- Requirement
The listing below is to be duplicated exactly, with every picture omitted.

- Recorded data
____

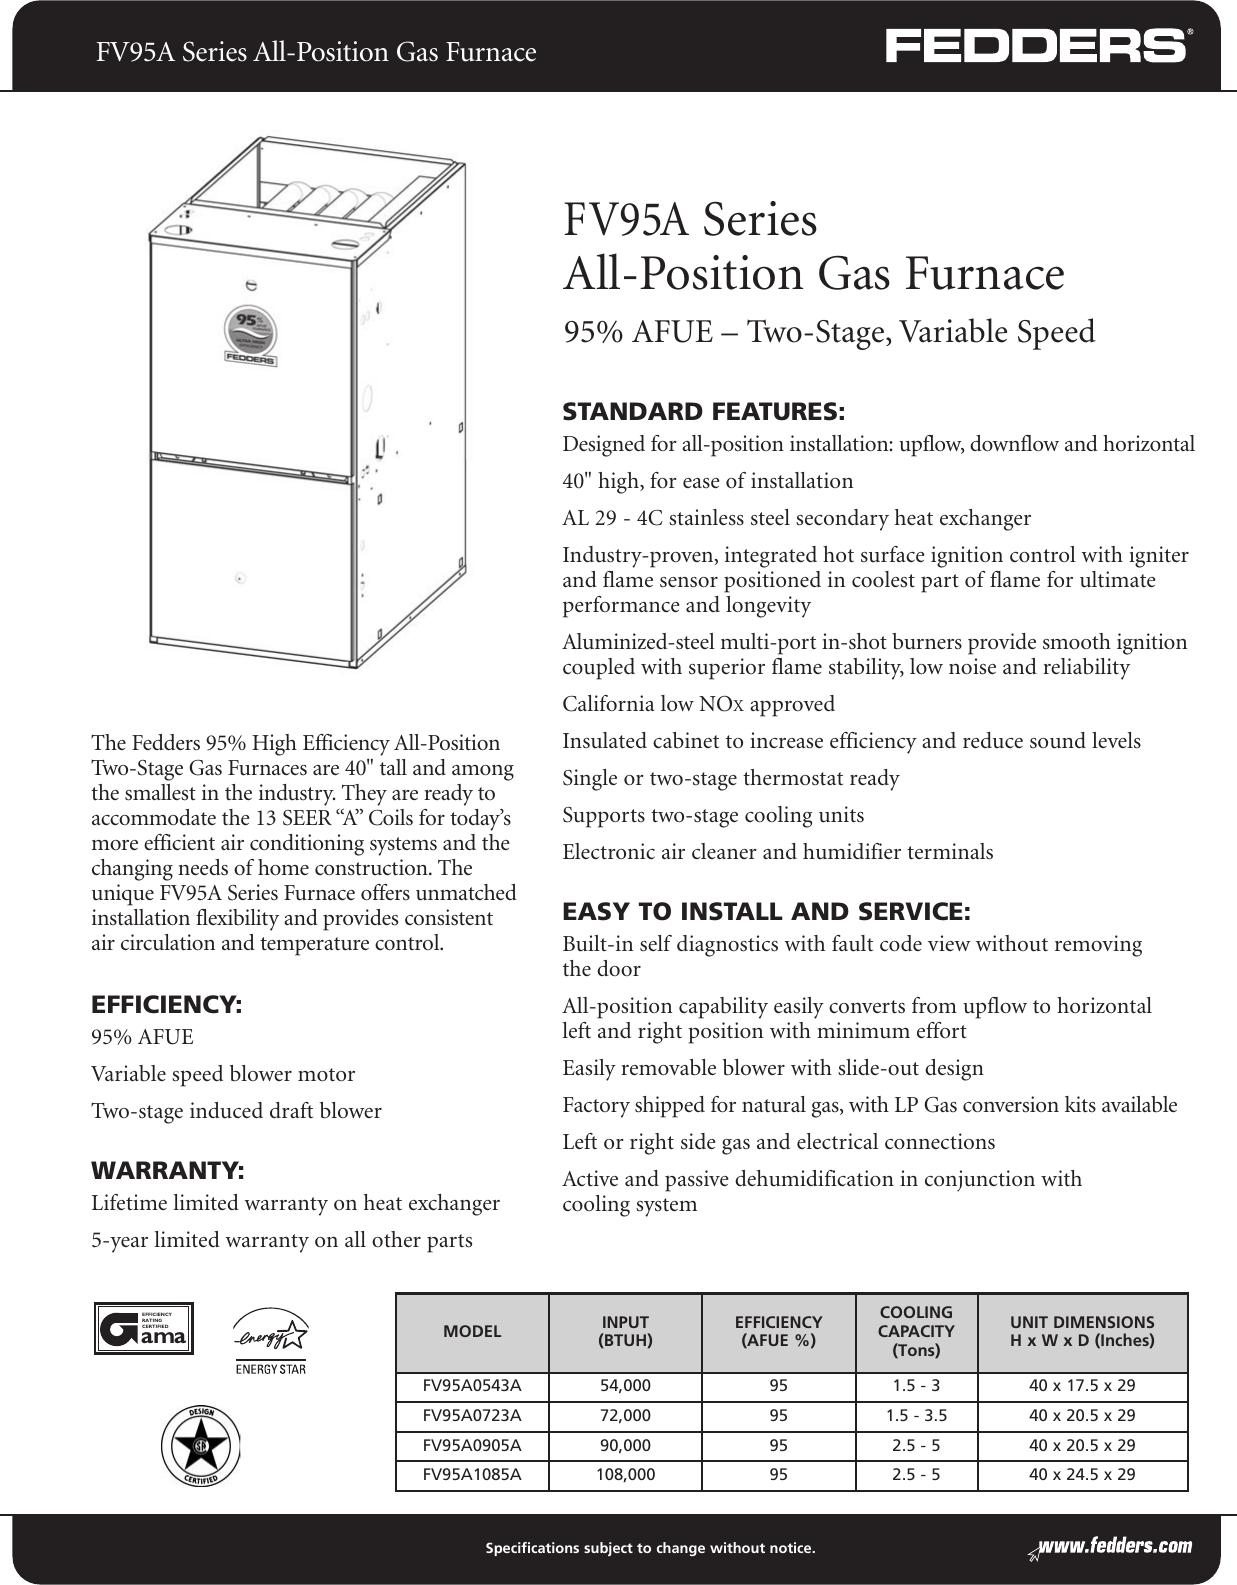 Fedders Fv95A Series Users Manual F C13 0206
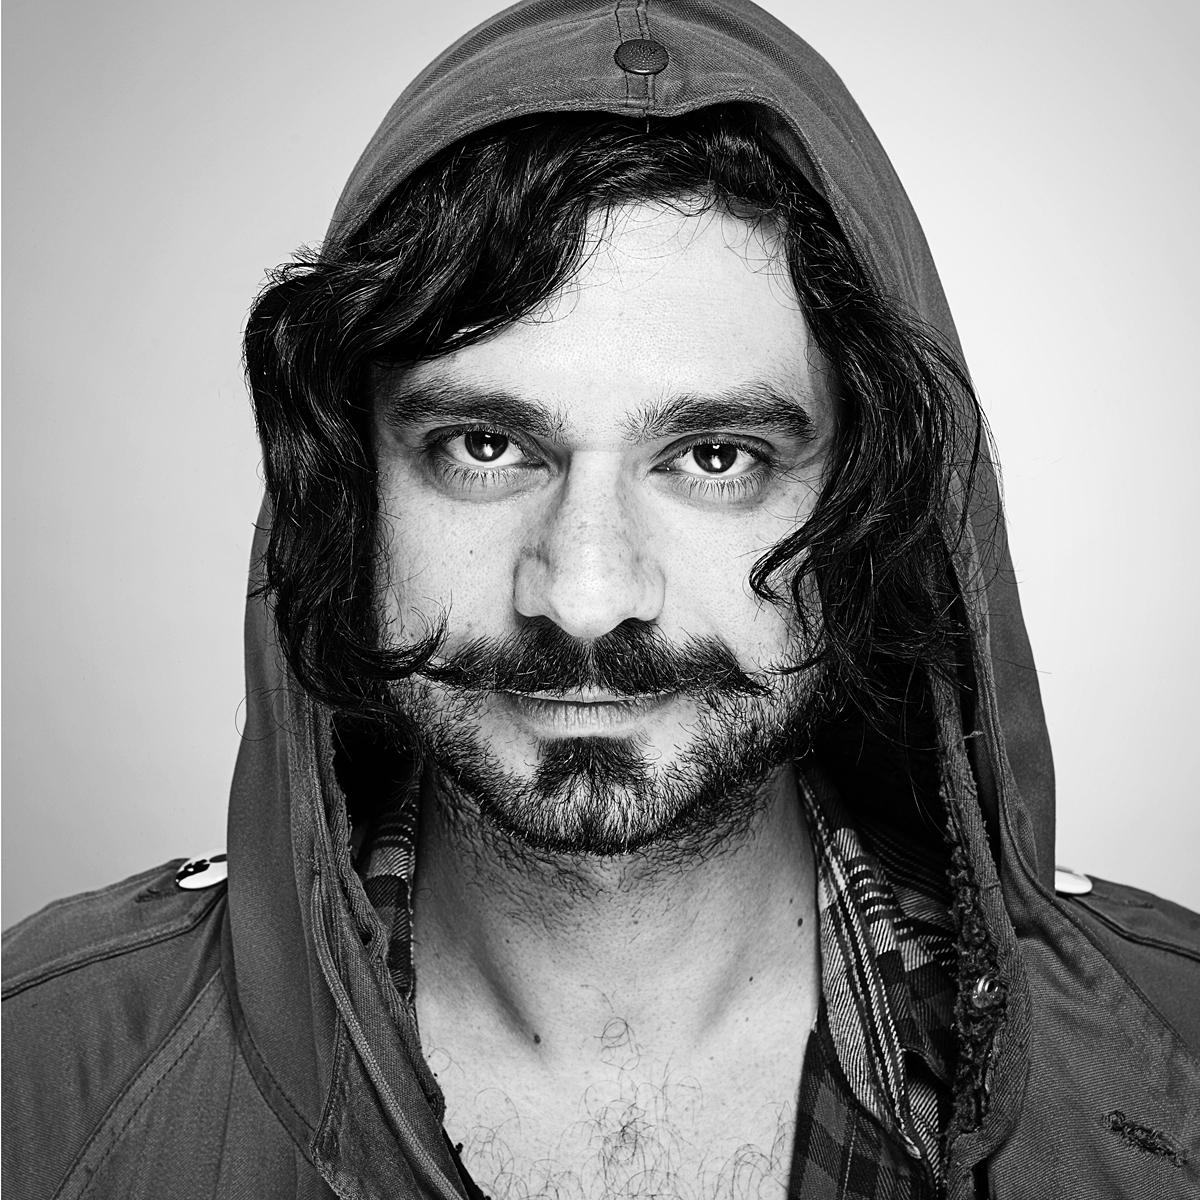 Portrait of Dan Fatel of Elephant Music by creative photographer Julian Hanford
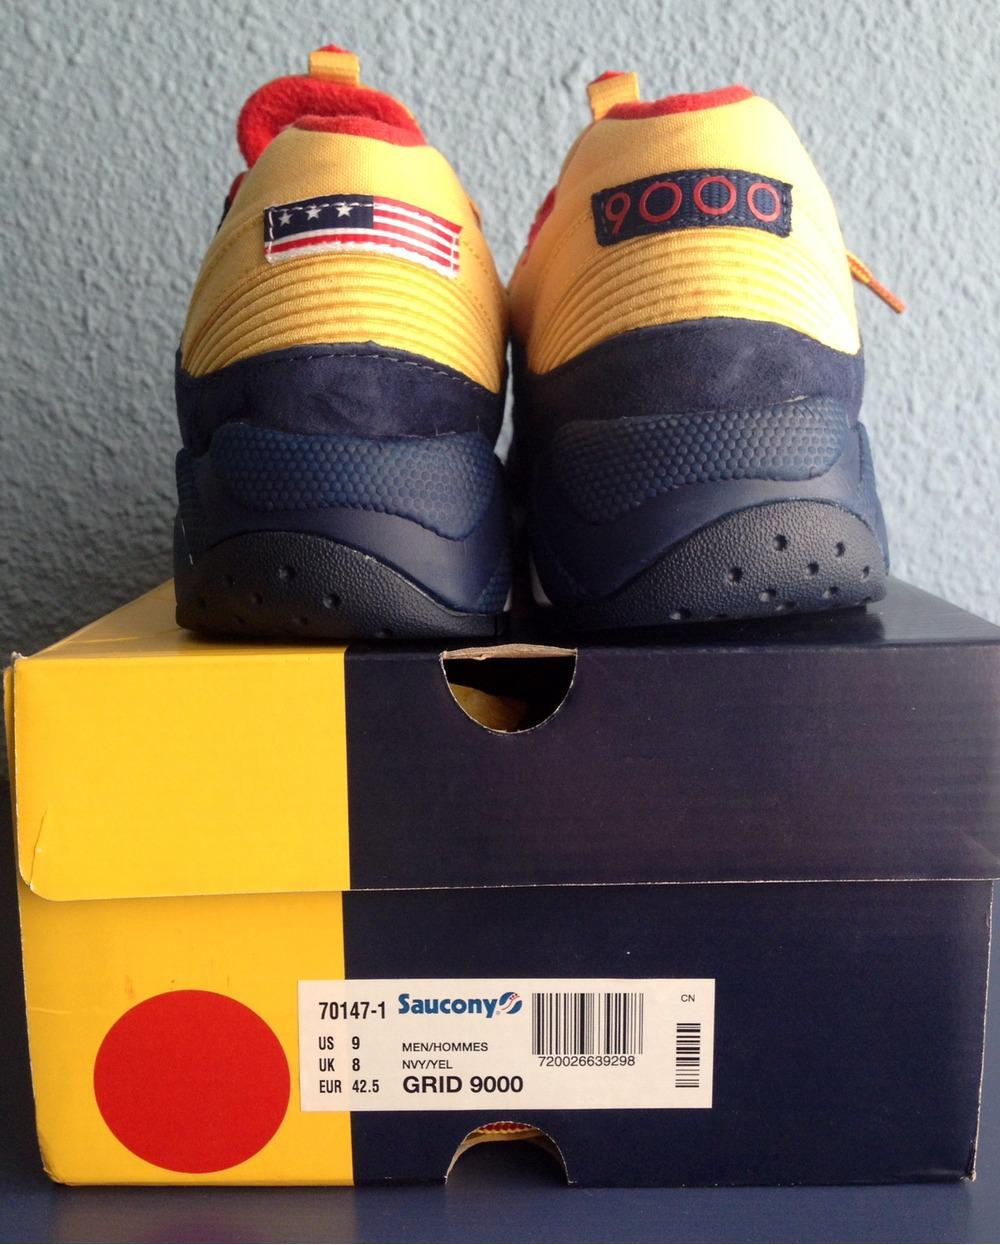 BUY Packer Shoes X Saucony Grid 9000 Snow Beach | Kixify
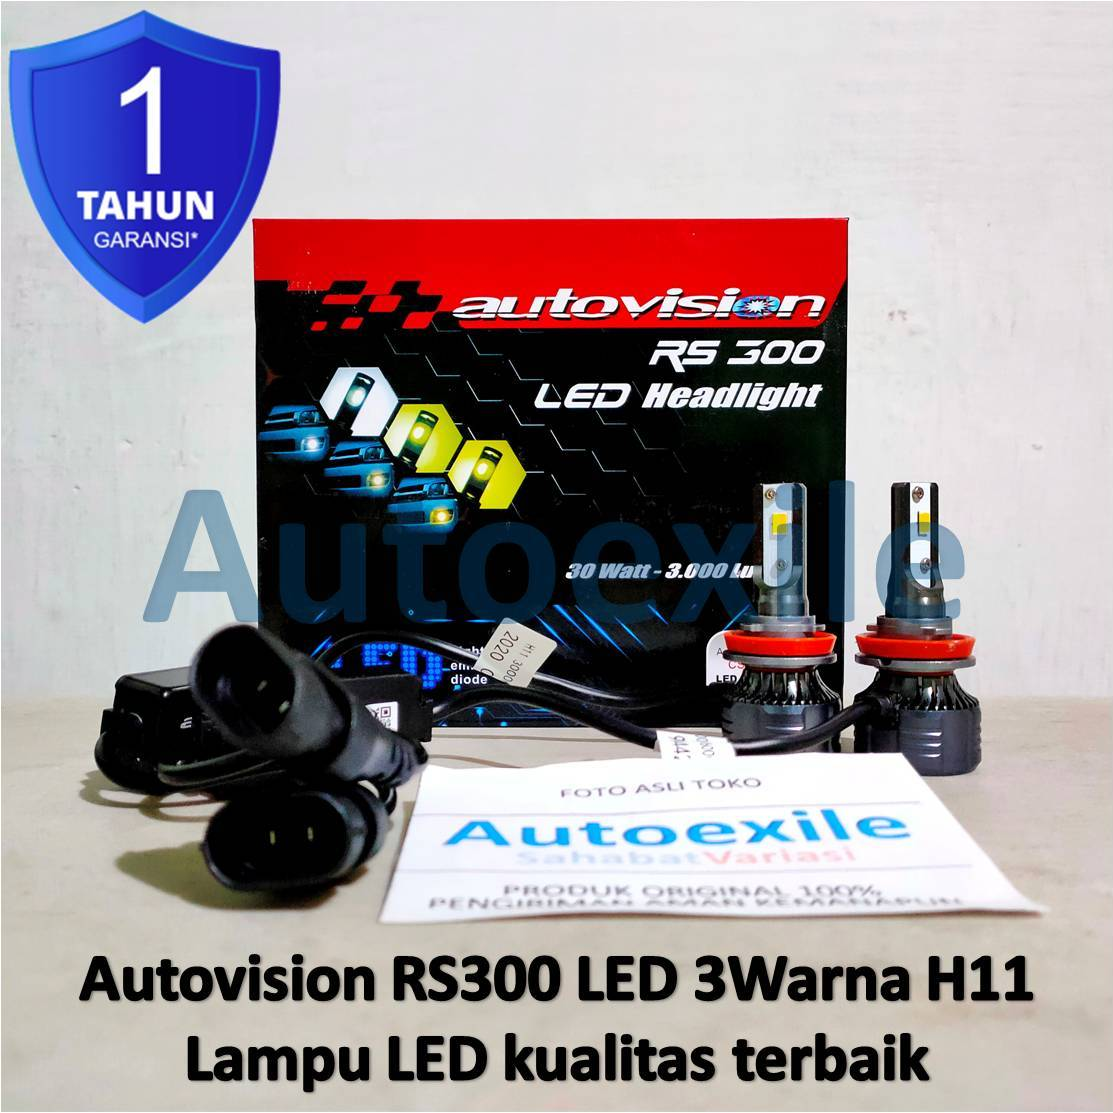 Autovision RS300 LED 3Warna H11 3000K 4300K 6000K Kuning Putih CSP Lampu Mobil Civic Sienta Innova Reborn
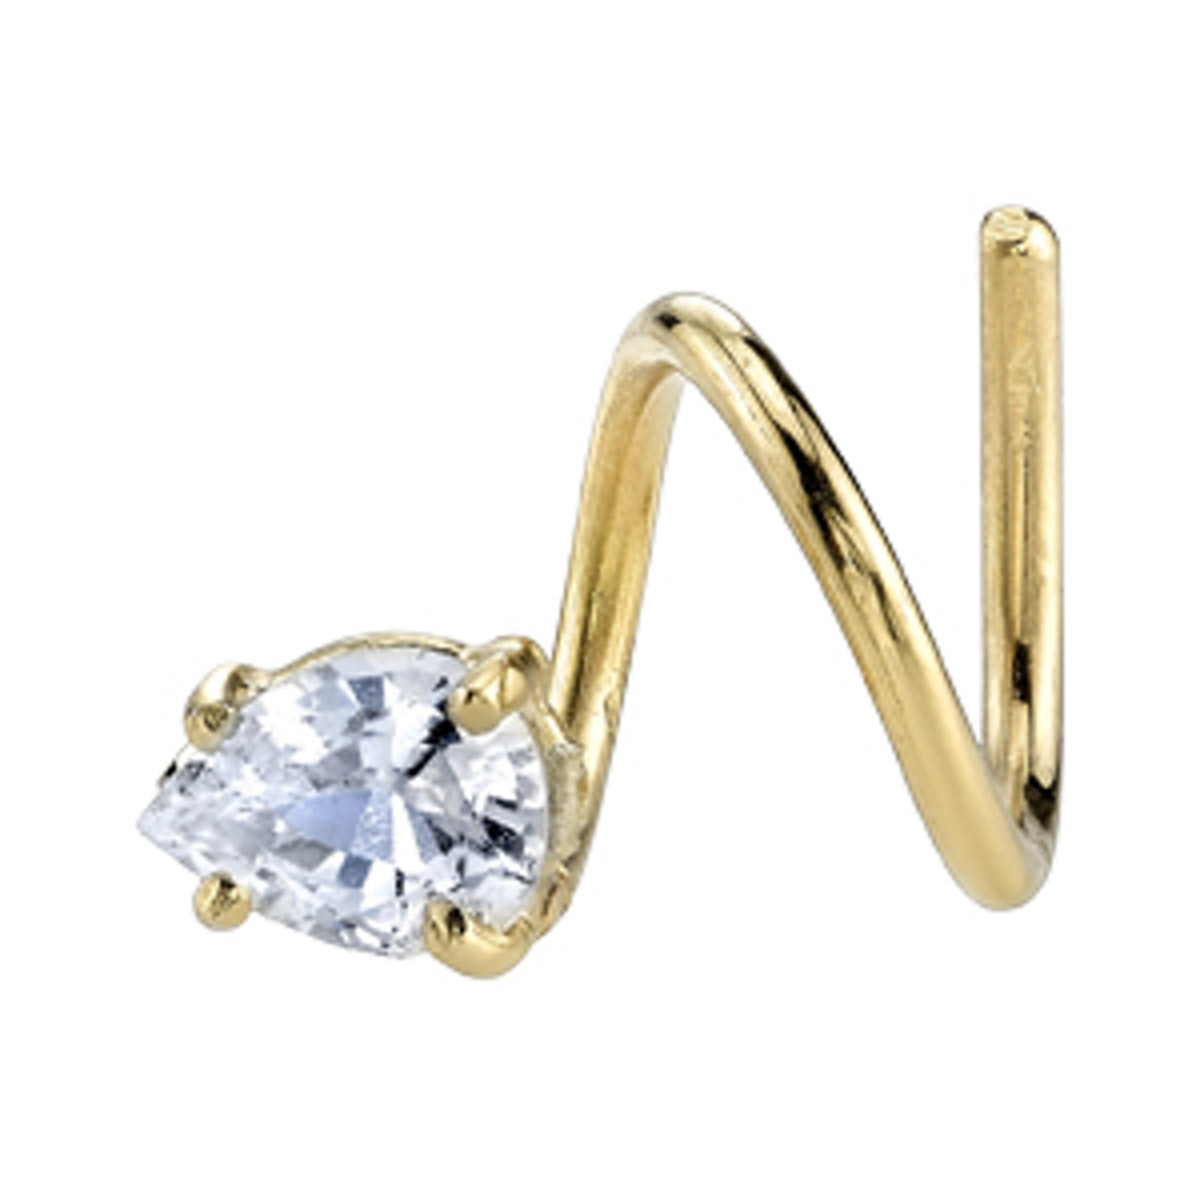 White Sapphire Pear Spiral Earring

____

- Completed task
 Fedders Fv95A Series Users Manual F C13 0206
 Portrait of Dan Fatel of Elephant Music by creative photographer Julian Hanford
 BUY Packer Shoes X Saucony Grid 9000 Snow Beach | Kixify
 Autovision RS300 LED 3Warna H11 3000K 4300K 6000K Kuning Putih CSP Lampu Mobil Civic Sienta Innova Reborn
 White Sapphire Pear Spiral Earring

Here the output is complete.